Другими словами, стихо­тво­рение совер­шенное (а таких в русской лите­ра­туре набе­рётся не менее трехсот) можно так пово­ра­чи­вать, чтобы чита­телю пред­став­ля­лась только его идея, или только чувство, или только картина, или только звук — мало ли что ещё можно найти от «инстру­мен­товки» до «отоб­ра­жения», — но всё это лишь произ­вольно выбранные грани целого, ни одна из которых, в сущности, не стоила бы нашего внимания и, уж конечно, не вызвала бы ника­кого волнения, кроме разве косвен­ного: напом­нила какое-то другое «целое» — чей-нибудь голос, комнату, ночь, — не обладай всё стихо­тво­рение той сияющей само­сто­я­тель­но­стью, в приме­нении к которой опре­де­ление «мастер­ство» звучит столь же оскор­би­тельно, как «подку­па­ющая искренность».

Сказанное — далеко не новость, но хочется это повто­рить по поводу Хода­се­вича. В срав­нении с прибли­зи­тель­ными стихами (т.е. прекрас­ными именно своей прибли­зи­тель­но­стью — как бывают прекрасны близо­рукие глаза — и доби­ва­ю­щи­мися её также способом точного отбора, какой бы сошёл при других, более красочных обсто­я­тель­ствах стиха за «мастер­ство») поэзия Хода­се­вича кажется иному чита­телю не в меру чеканной — употребляю умыш­ленно этот неап­пе­титный эпитет.

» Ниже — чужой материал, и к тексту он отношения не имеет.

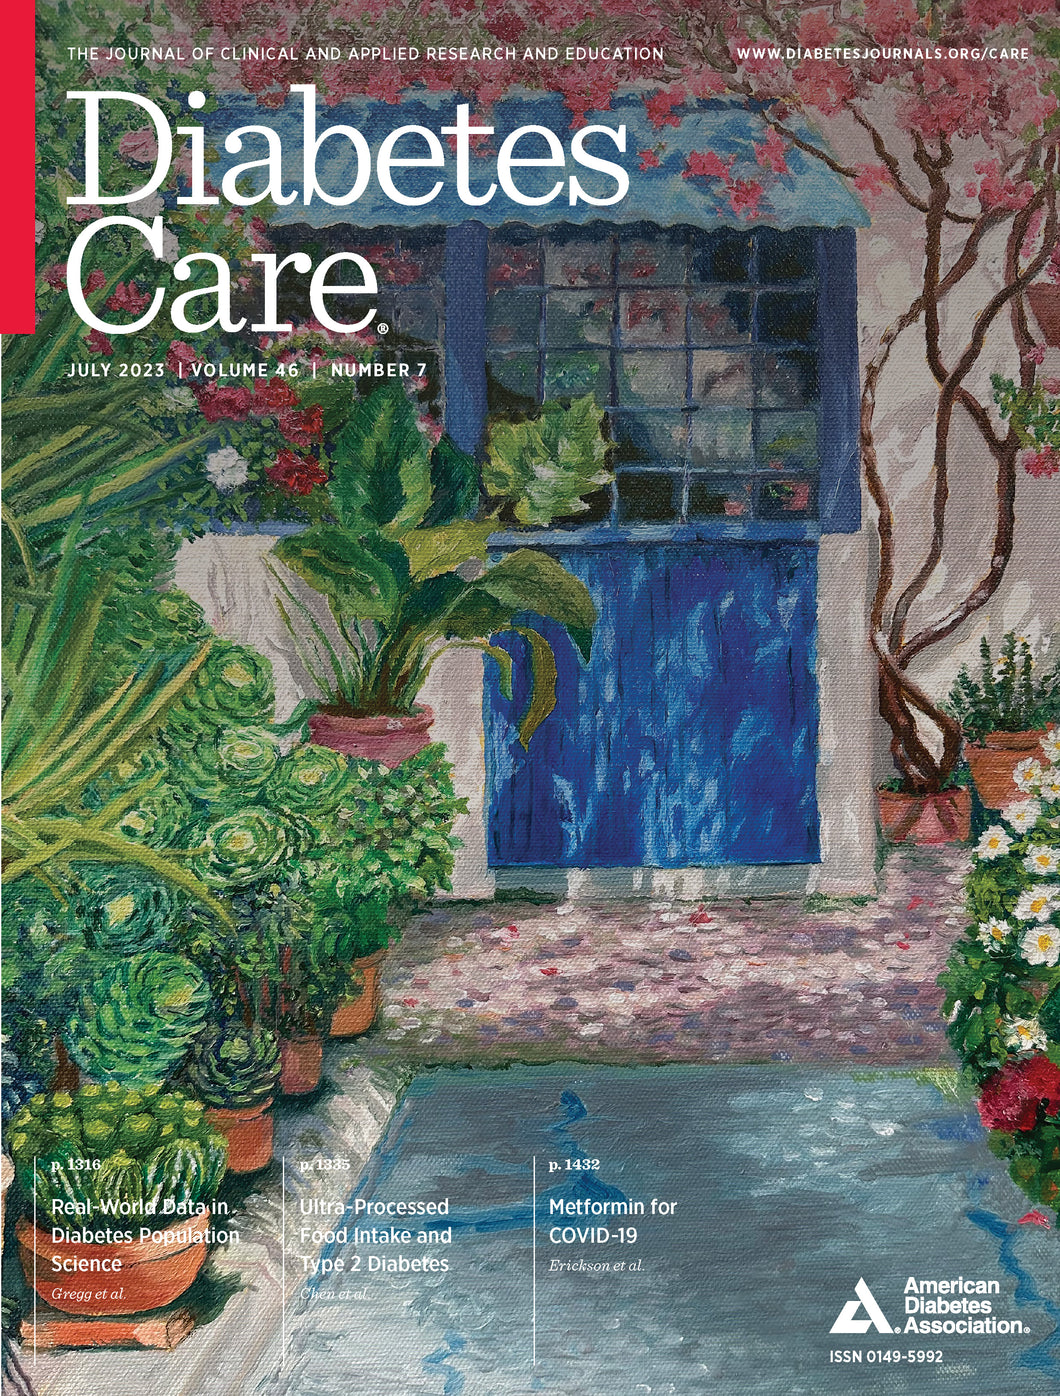 Diabetes Care, Volume 46, Issue 7, July 2023

Но всё дело в том, что ни в каком опре­де­лении «формы» его стихи не нужда­ются, и это отно­сится ко всякой подлинной поэзии.

Мне самому дико, что в этой статье, в этом быстром перечне мыслей, смертью Хода­се­вича возбуж­дённых, я как бы подра­зу­меваю смутную его непри­знан­ность и смутно поле­ми­зирую с призра­ками, могу­щими оспа­ри­вать очаро­вание и значение его поэти­че­ского гения. Слава, признание, — всё это и само по себе довольно неверный по формам феномен, для кото­рого лишь смерть находит правильную перспективу.

Допускаю, что немало набе­рётся людей, которые, с любо­пыт­ством читая очередную крити­че­скую статью в «Возрож­денье» (а крити­че­ские выска­зы­вания Хода­се­вича, при всей их умной строй­ности, были ниже его поэзии, были как-то лишены её биения и обаяния), попросту не знали, что Хода­севич — поэт. Найдутся, веро­ятно, и такие, которых на первых порах озадачит его посмертная слава. Кроме всего, он последнее время не печатал стихи, а чита­тель забывчив, да и критика наша, взвол­но­ванно зани­ма­ю­щаяся неза­ста­и­ва­ю­щейся совре­мен­но­стью, не имеет ни досуга, ни слов о важном напоминать.

Как бы то ни было, теперь всё кончено: заве­щанное сокро­вище стоит на полке, у буду­щего на виду, а добытчик ушёл туда, откуда, быть может, кое-что доле­тает до слуха больших поэтов, пронзая наше бытие поту­сто­ронней свеже­стью — и придавая искус­ству как раз то таин­ственное, что состав­ляет его невы­де­лимый признак.

Что ж, ещё немного смести­лась жизнь, ещё одна привычка нару­шена — своя привычка чужого бытия. Утешения нет, если поощ­рять чувство утраты личным воспо­ми­на­нием о кратком, хрупком, тающем, как градина на подокон­нике, чело­ве­че­ском образе.

/ Впервые опуб­ли­ко­вано: «Совре­менные записки» N68, 1939.